Lefou’s Love for Gaston.  I really, really thought Lefou’s gay parts were going to be subtle, so subtle that I could wave them off as being character-accurate obsession with Gaston (non-romantic).  But they weren’t subtle.  You can’t miss it in Lefou’s glances and the way he drapes himself on Gaston’s chair.  Sometimes I closed my eyes and turned my head just cause I couldn’t bear to watch it. Granted, it could have been worse, and there wasn’t even kissing or anything physical.  But you still know exactly what Hollywood was going for.  It was especially frustrating during the “Gaston” number because it was SO WELL DONE and SO FUN TO WATCH, and they had to soil it with Lefou.  It’s such a bummer because if Lefou hadn’t been gay, he would have been such an enjoyable, hilarious sidekick, and I could have actually rooted for him when he became a good guy.
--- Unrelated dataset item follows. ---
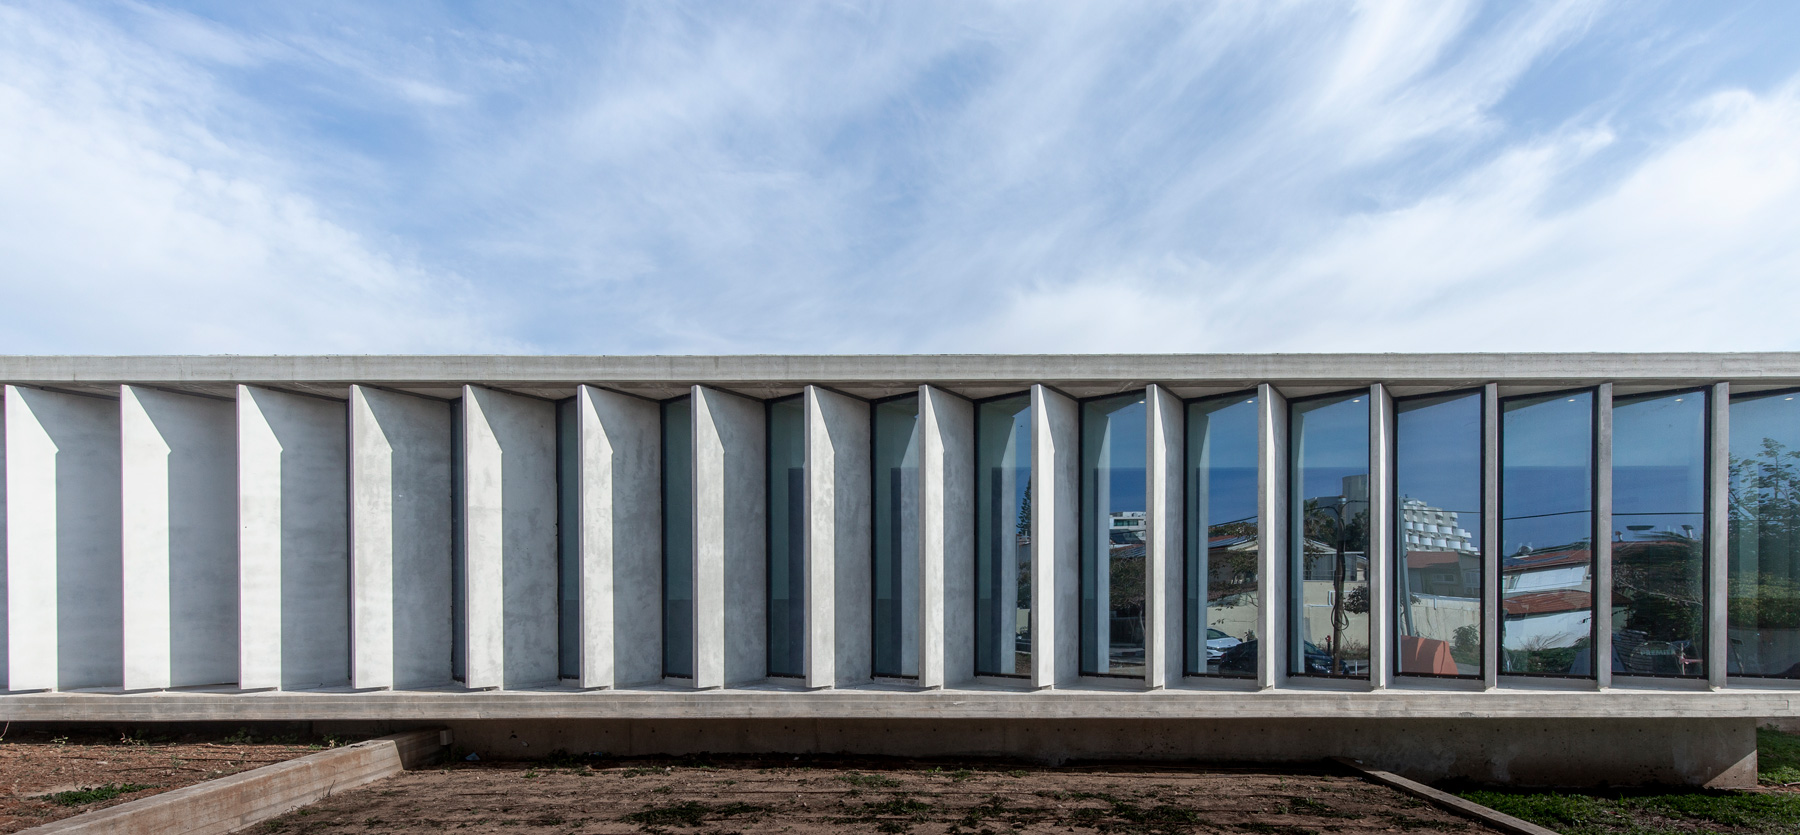 תאו – מרכז לתרבות אומנות ותוכן, הרצליה
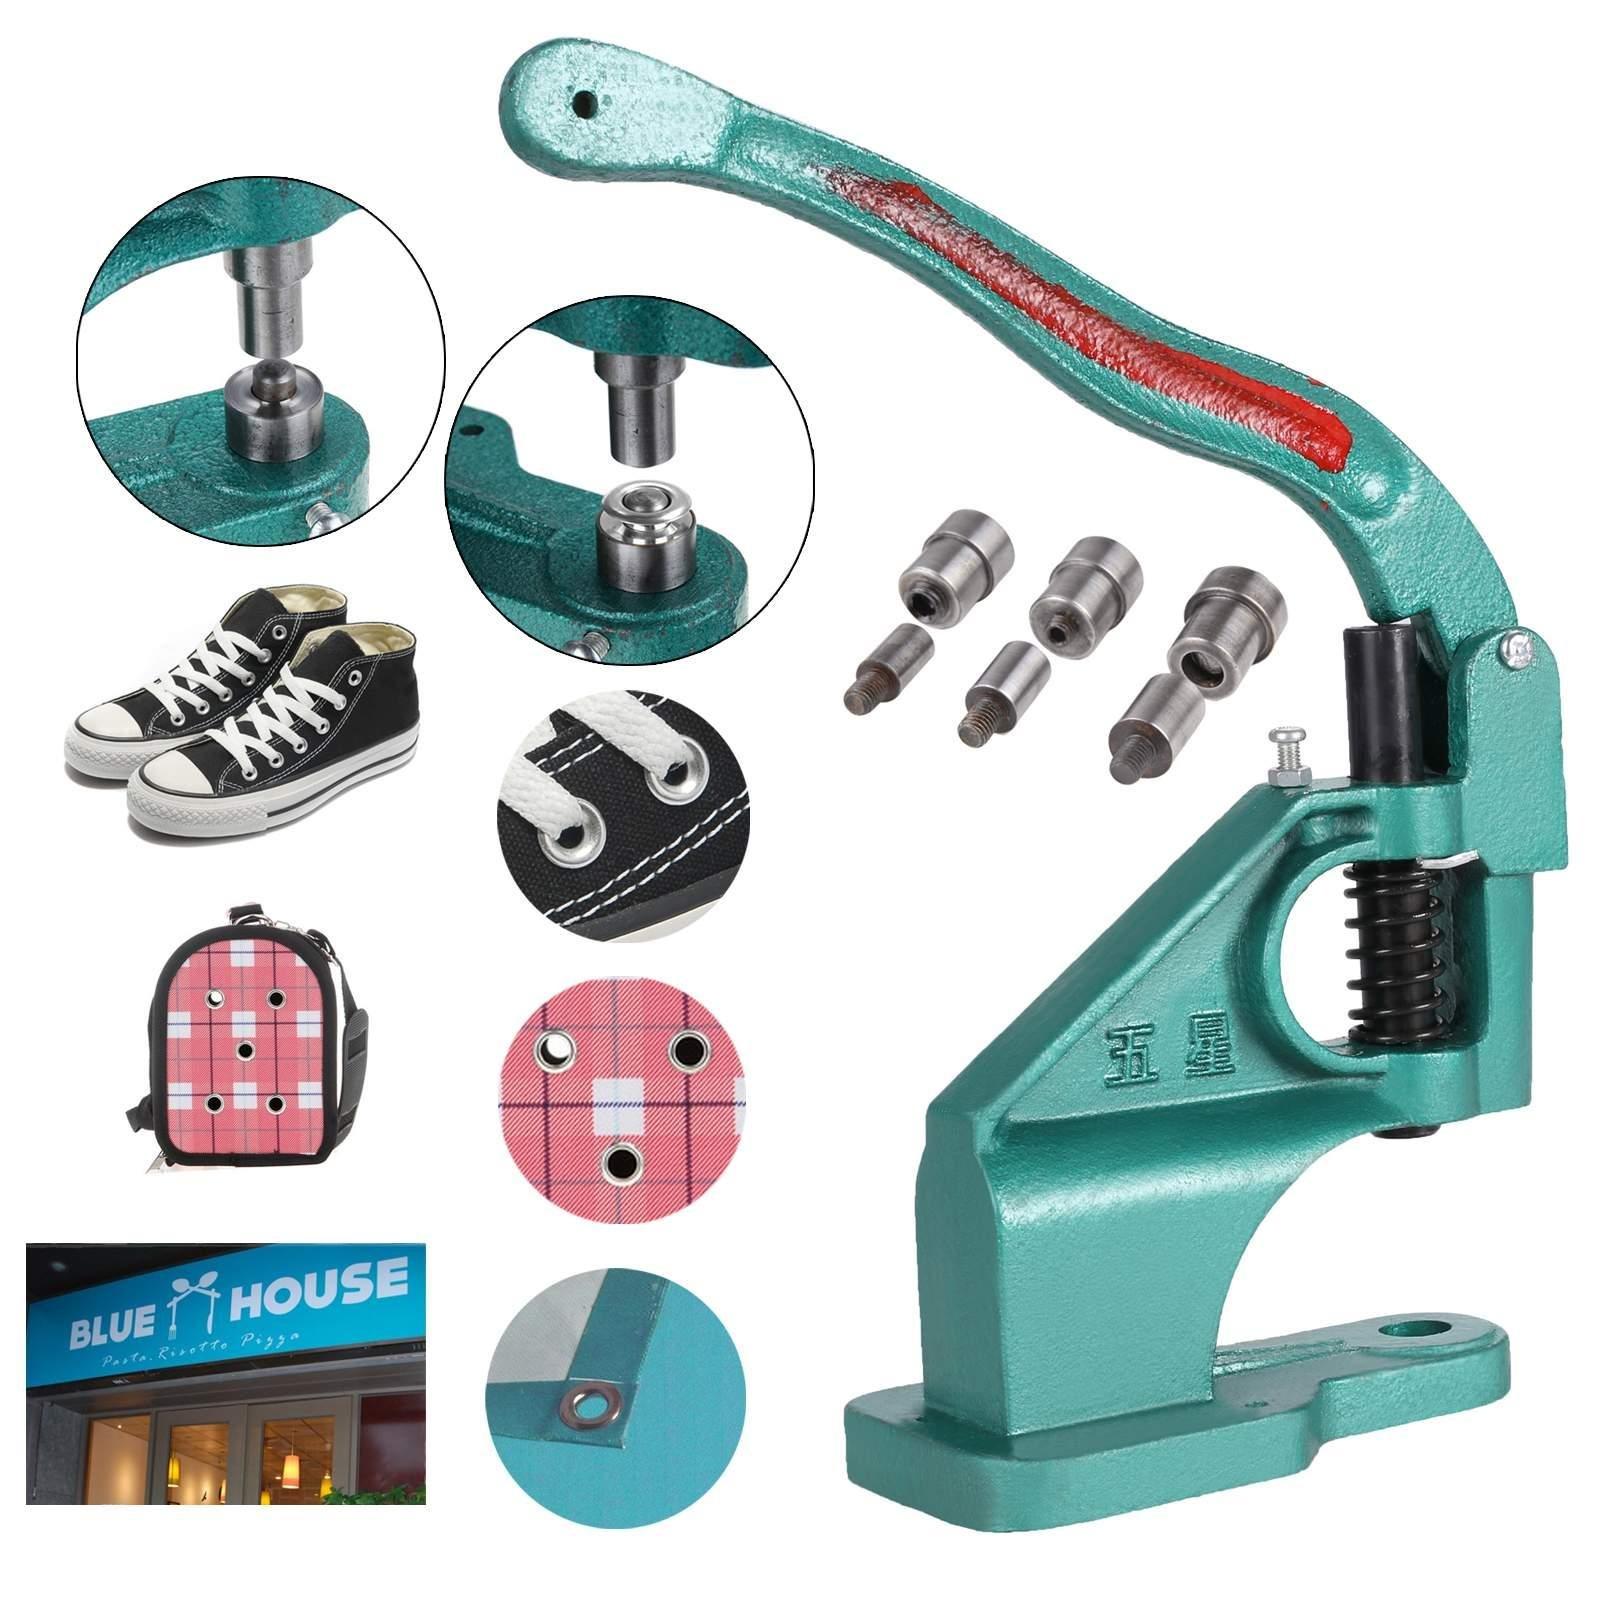 Rapesee Hand Grommet Machine 3 Die (#0#2#4) Manual Grommet Press Punch Tool Kit Eyelet Press Machine with 900 Grommets

Thankfully Lefou’s parts were not many, so I’m hoping maybe we can skip/edit his bad parts out with the DVD.  He didn’t spoil the whole movie for me, but I was hoping there would be enough wonderfulness in the film to make it worth it to me.  But whether because of Belle’s and Beast’s changes that I’ve mentioned, or maybe just Emma Watson’s existence in general, their love story didn’t touch me the way it did in the cartoon.

I know I listed more negatives than positives, but I truly did enjoy watching it, and it’s incredibly well-made in some areas.  I’m just disappointed with how they handled Belle and Beast.  But I would love to watch it again, if only to enjoy the music and animation and to feed my own imagination so I can mentally come up with a much better version.